Op basis van de omstandigheden van het gezin, de concrete omstandigheden waaronder het feit zou hebben moeten plaatsgevonden, de persoon van cliënt en het gedrag van cliënt achteraf, leiden tot het oordeel van de rechtbank dat zij niet overtuigd is van enig strafbaar handelen door cliënt.
Cliënt en diens echtgenote zijn opgelucht met de uitspraak. Het OM heeft veertien dagen de tijd om hoger beroep in te stellen.

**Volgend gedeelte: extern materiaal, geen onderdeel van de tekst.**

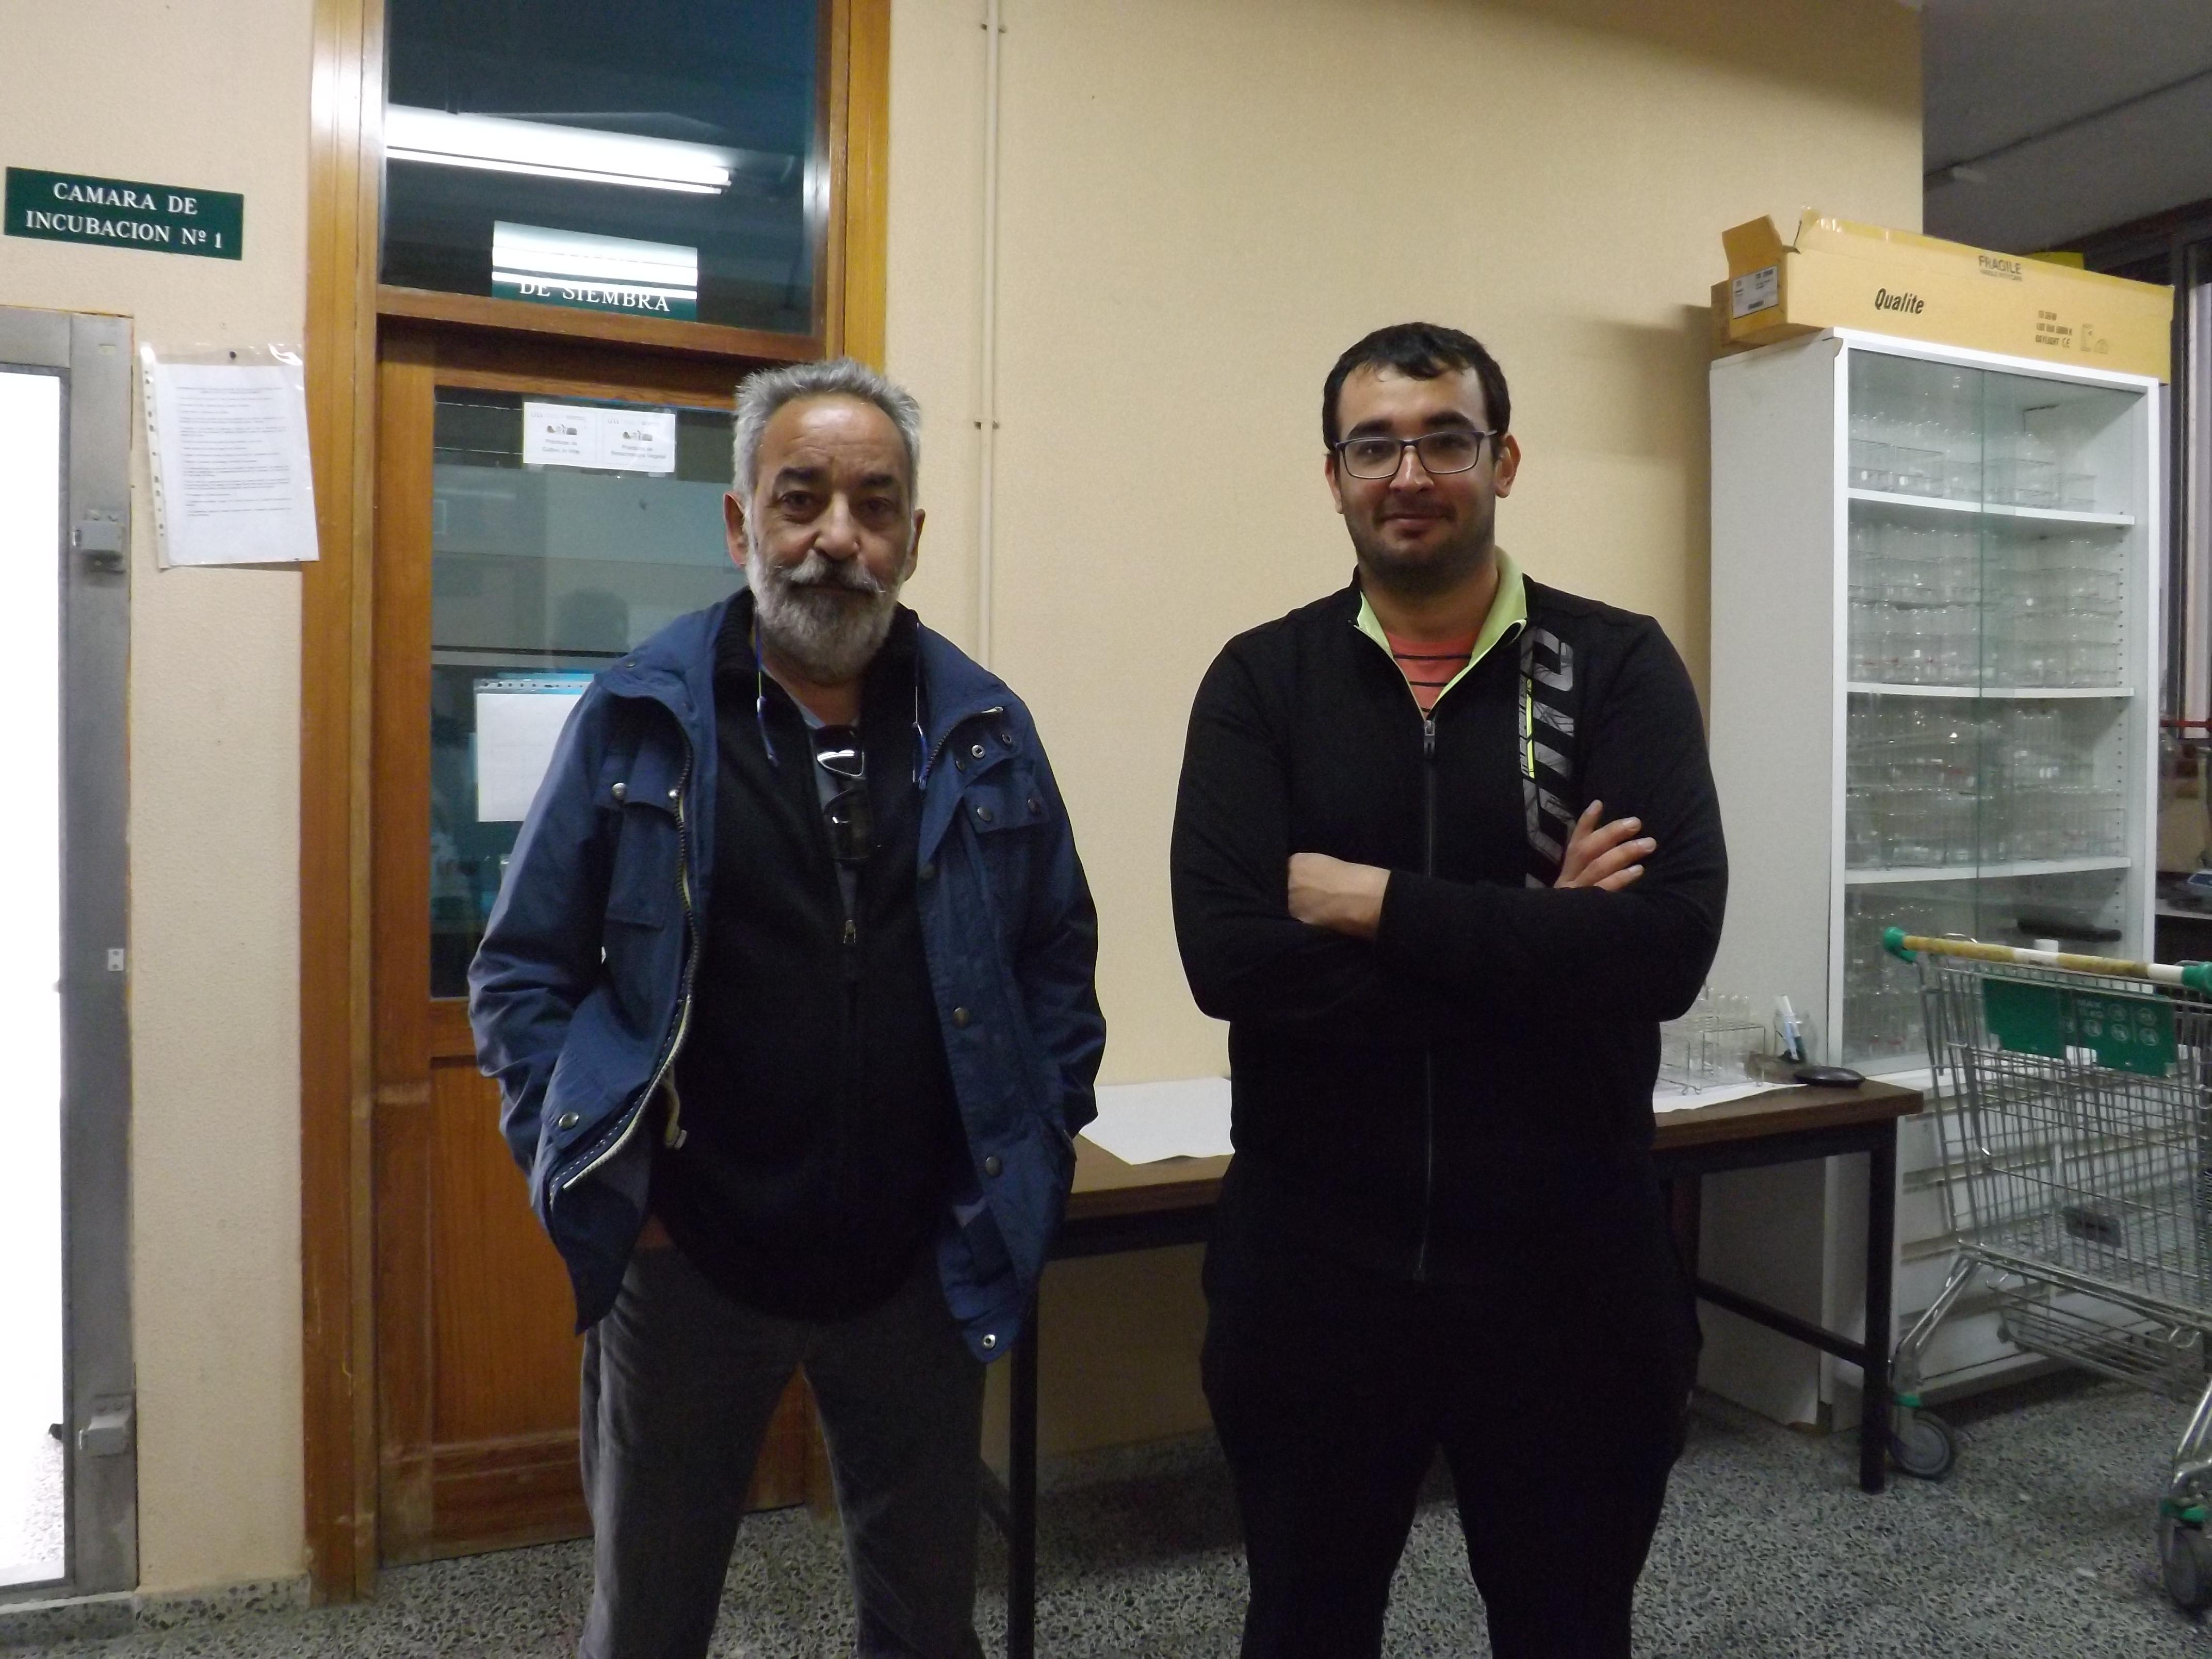 Francisco Valdés González (izquierda) y David Jiménez Arias (derecha), doctores en Biología.

De verdediging hoopt dat de officier van justitie afziet van hoger beroep. In dit kader is van belang dat de rechtbank in haar vonnis nog verwijst naar de spreekrechtverklaring van de echtgenote van cliënt “Zijn echtgenote is verdachte steeds blijven steunen en heeft, in haar ter terechtzitting als nabestaande van haar zoontje afgelegde slachtofferverklaring, aan de rechtbank duidelijk gemaakt nooit een spoor van twijfel te hebben ervaren over de onschuld van verdachte, haar man. Naast het verdriet over het verlies van haar zoontje, heeft zij duidelijk gemaakt dat het hen als gezin zeer zwaar is gevallen al vier jaar lang te leven in het vooruitzicht van de behandeling van deze strafzaak, die zij als bijzonder onterecht en pijnlijk ervaren.”
De verdediging hoopt dat door het afzien van hoger beroep verdere schade aan het gezin van cliënt kan worden voorkomen.